Agree with minipie about checking for tongue tie, - you mentioned difficulties with your previous baby and tt does tend to be hereditary.
Personally I wouldn't be worried about green nappies if your baby seems happy and healthy in other ways.
Block feeding ie. feeding from one breast for several feeds in a row is usually something to address over supply ....do you think this is what is causing the nappies?
Has he been checked for tongue tie? (by a lactation consultant not by HV or midwife)
i ask because dd was like this - slipped off the nipple and much better with a full breast than a half empty one - and she turned out to have posterior TT. she also got tired very easily as the tt made it harder for her, and so couldn't feed for long. with PTT you might have other symptoms like a clicking sound or windy baby for example.
Thanks remembering that's what I want to hear. Nappy frequency and weight gain ok, but hv did want me to get a better balance of hind milk into him. She even said get back in touch if no improvement. Hopefully the clinic on Friday will help, ideally by telling me to keep on doing what I'm doing... Had a nightmare feeding DS1 so really feel I'm 'entitled' to an easier run this time!
Brie my 10day old is similarly fussy overnight. What had your HV said about the nappies?
My MW said its number of wet/dirty they worry about and you don't need to worry about green, orange and yellow stools. They are par for the course and are rarely a sign of a digestive problem as long as you're getting lots of them and wet ones too.
It's hard not to worry too much but chat with your HV if you're worried?
DS is nearly 4 weeks and I thought BF was going well this time but for a week or so he's had more green nappies than yellow ones. Am told he needs more of the hind milk so to keep him feeding for longer on one breast or to use same breast for next feed.
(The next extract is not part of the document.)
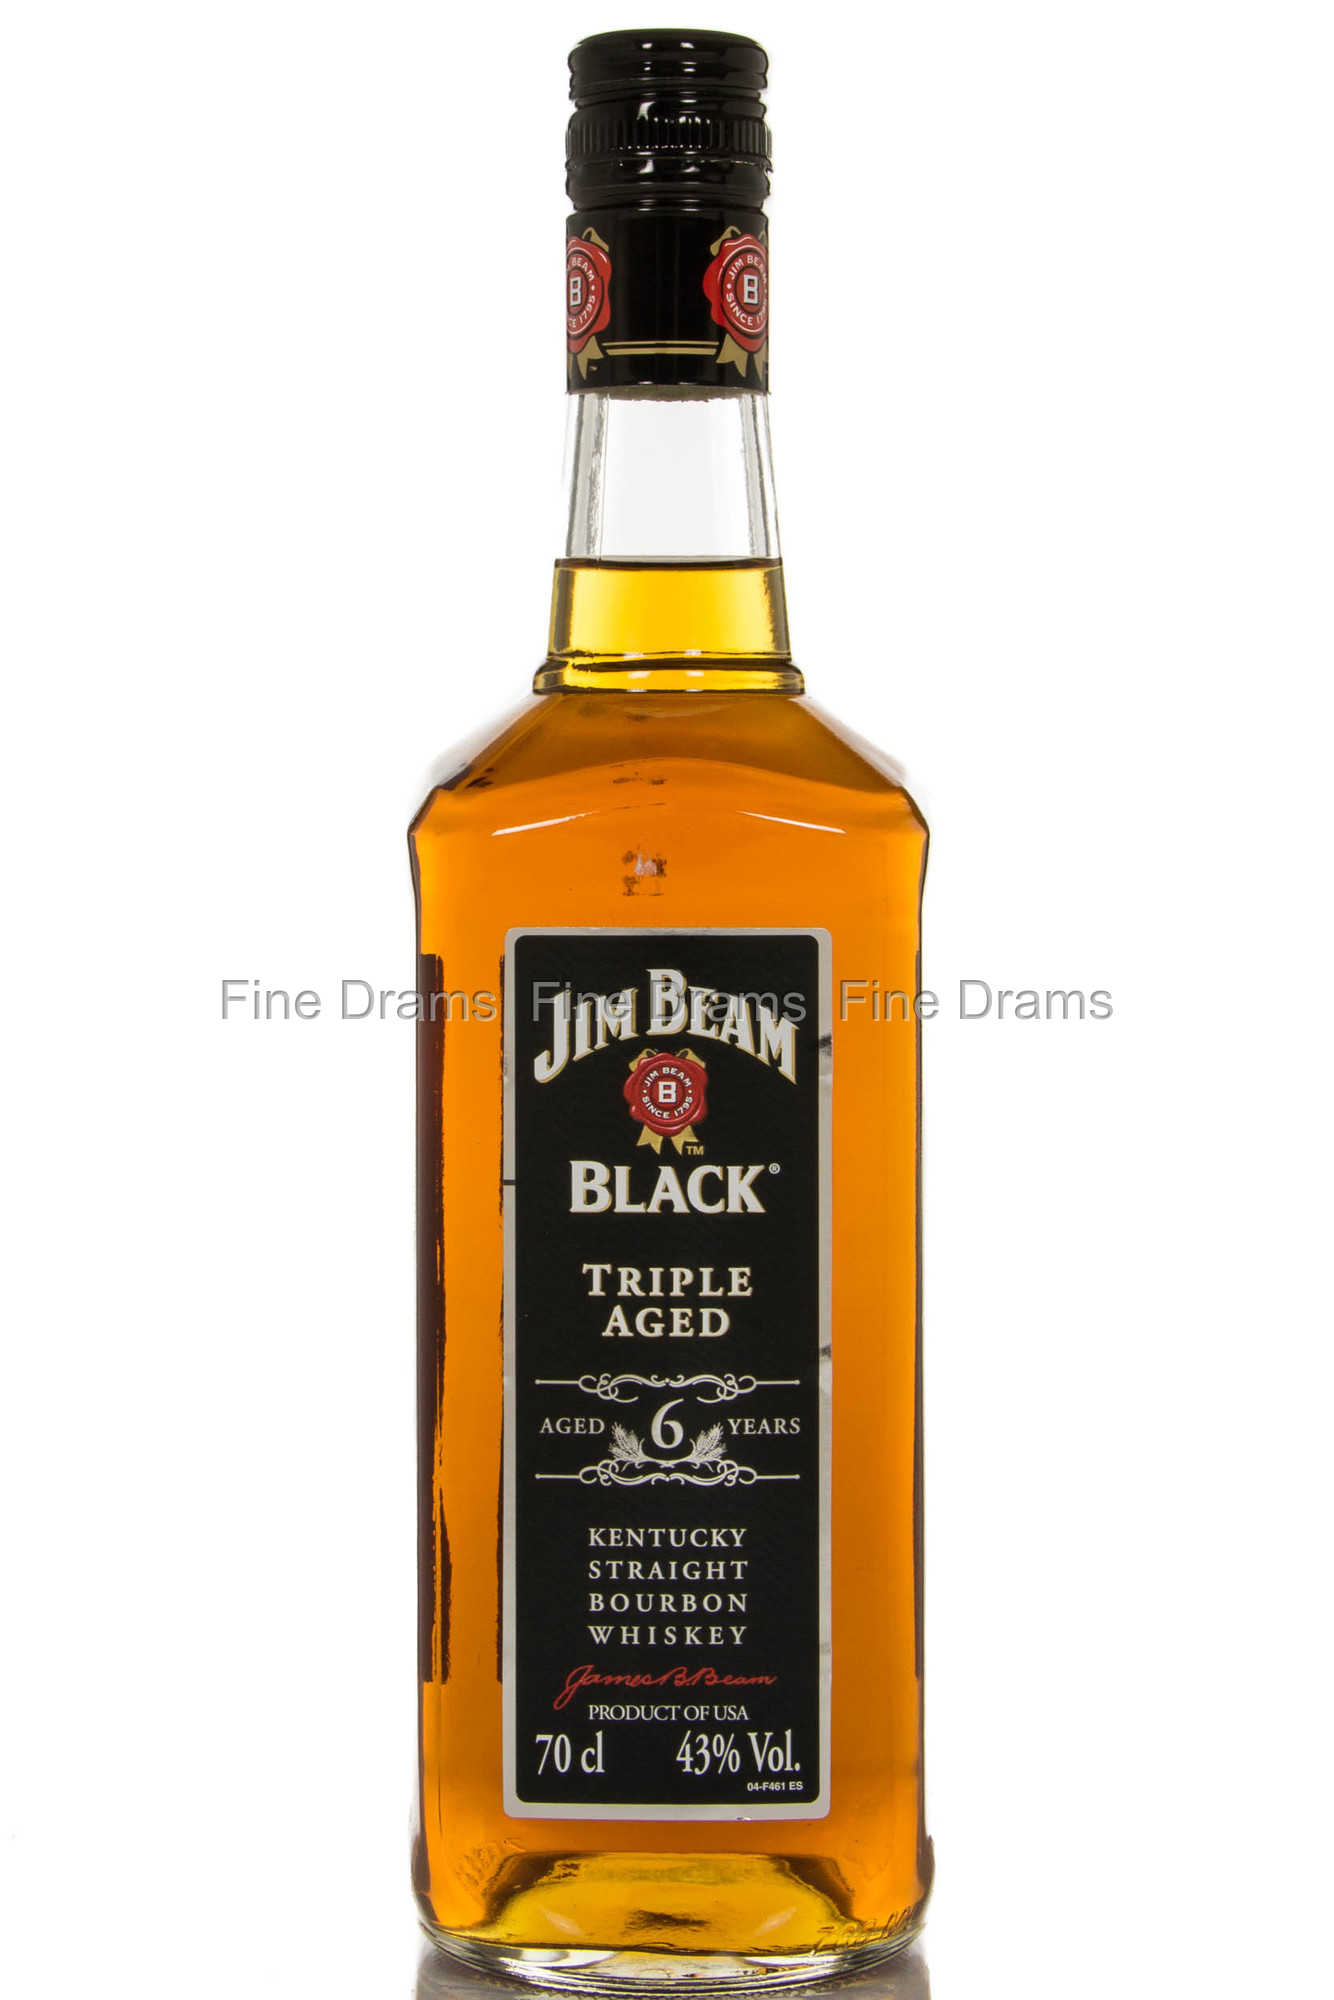 Jim Beam Black 6 Old Bourbon Whiskey Year

He's very much a snacker so takes the same breast a few times in a row before I switch. But sometimes in the middle of a feed if he comes off the nipple is slippery and suddenly he seems incapable of getting his tongue where it needs to be and just will not go back on, but will take the other breast therefore getting more fore milk. (Obv I dry the nipple to try and allow him to latch but still appears impossible for us sometimes and exacerbates the issue.)
A 1:30am he fed for 20 mins which I was chuffed about. At 3:30am only ten minutes despite feet tickling, nappy changing etc. but he seemed satisfied and we both just wanted to get back to sleep! Tried again half an hour later when he stirred but only fed for a minute.
I am going to the local clinic on Friday as they helped a lot last baby. But in the meantime is is ok to feed time after time on one breast (even though it doesn't seem to change colour of nappies) or does anyone have other tips to keep him wanted to feed. Midwife said the hind milk takes more effort to get out so he might be being lazy. He does glug down the early milk.
Weight gain fine, though only 2nd centile. He gets a bottle late evening when I'm shattered... 90 mls formula.
I just want us to be able to roll over and go back to sleep whenever he seems to have had enough. But I can't ignore these nappies can I?